25 августа, в канун Бородинской битвы, прибывшие на юбилейные торжества военные части построились у батареи Раевского.
Гремя медью, буйно ликовали полковые оркестры.
И под музыку разудалых военных маршей, стоящий в строю Аким подумал, что
«Связь времён не может разорваться, потому что мы не Иваны, непомнящие родства. Я уверен – те, кто бился на этом поле, тоже смотрят на нас сверху.., – глянул в синее небо с редкими облаками. – И мой прадед видит меня», – вытянулся во фрунт и отдал честь.
– Капитан Рубанов, кому это вы козыряете? – удивился полковник Ряснянский.
– Своему прадеду, – серьёзно ответил Аким.

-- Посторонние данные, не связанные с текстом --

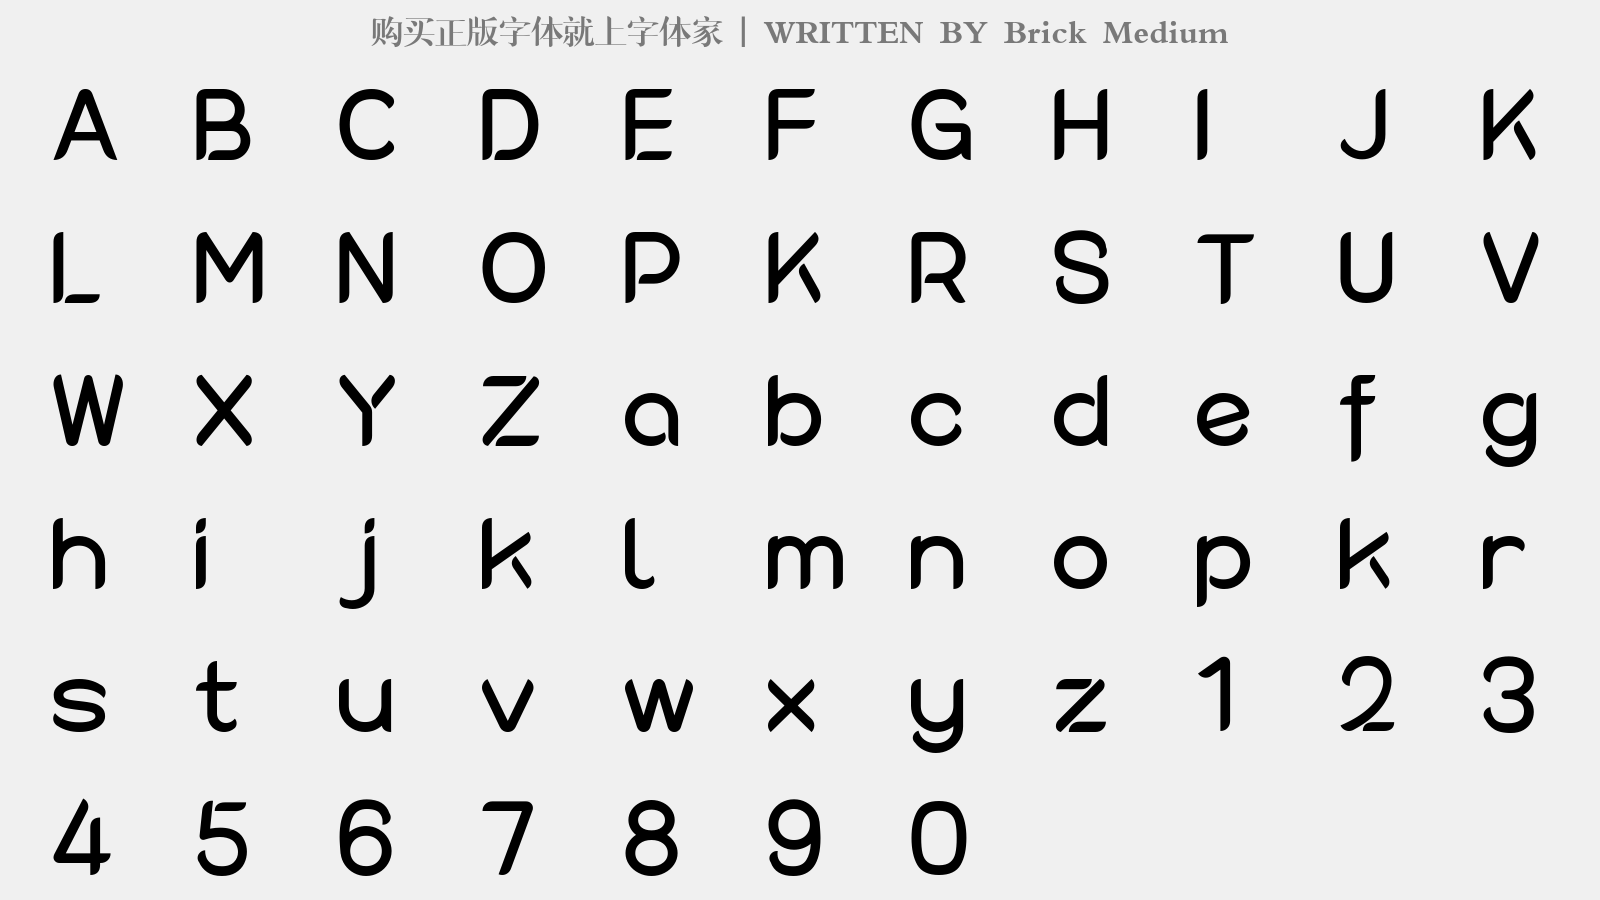 Brick Medium - 大写字母/小写字母/数字

Полковник не удивился, и даже стёр набежавшую слезу:
– Мой дед сложил тут голову, – вытянувшись во фрунт, приложил ладонь к виску, глянув в бездонность неба. – Они смотрят на нас и радуются, что мы – воины, и если понадобится, умрём за Россию.
Получивший несколько дней назад, как и Рубанов, следующий чин, штабс-капитан Ляховский не чувствовал метафизической глубины момента и улыбался, с иронией глядя на старших товарищей.
Максим Акимович, стоя в кругу генералов и высших чиновников различных гражданских ведомств у могилы Багратиона, словно прочёл мысли старшего сына и тоже вспомнил деда, раненого может быть на этом клочке земли, где он сейчас стоит.
Под колокольный звон Спасо-Бородинского собора, возведённого в память о погибшем муже вдовой генерала Тучкова, на автомобилях прибыла семья императора.
Торжественно встреченная духовенством во главе с митрополитом Владимиром, венценосная семья прошла в собор и, отстояв короткую службу, направилась на Бородинское поле.
У батареи Раевского император сел на приготовленного коня, а дочери с сыном и женой разместились в экипажах, и начался объезд войск.
После объезда, в полдень, к Бородинскому полю прибыл растянувший-
ся на четыре версты крестный ход, шедший из Смоленска с чудотворной ико-
ной Смоленской Божьей Матери, которой благословляли войска сто лет на-
зад перед сражением.
«Как всё связано единой исторической нитью», – думал Аким, сняв гренадёрку и осеняя себя крестным знамением.
В день Бородина 26 августа, на поле раздались раскаты пушечных выстрелов, известив войска и народ о продолжении юбилейных торжеств.
После литургии в храме Тучковского монастыря, крестный ход направился к могилам героев Бородинского сражения.
На следующий день торжества переместились в Москву.
С раннего утра народ собрался возле Кремля.
Под колокольный звон царская семья вышла на Красное крыльцо у Соборной площади и, склонившись перед замершим народом, направилась затем в Успенский собор, где отстояла молебен с коленопреклонением перед обожжёнными и прострелянными боевыми знамёнами минувшего века.
«А свершится ли в моё царствование такое событие, чтоб им гордились и помнили через сто лет? – молился перед пробитыми пулями штандартами Николай. – Пока лишь произошла бесславная русско-японская война», – через несколько дней увёз уставшую от торжеств семью на отдых в Беловежье.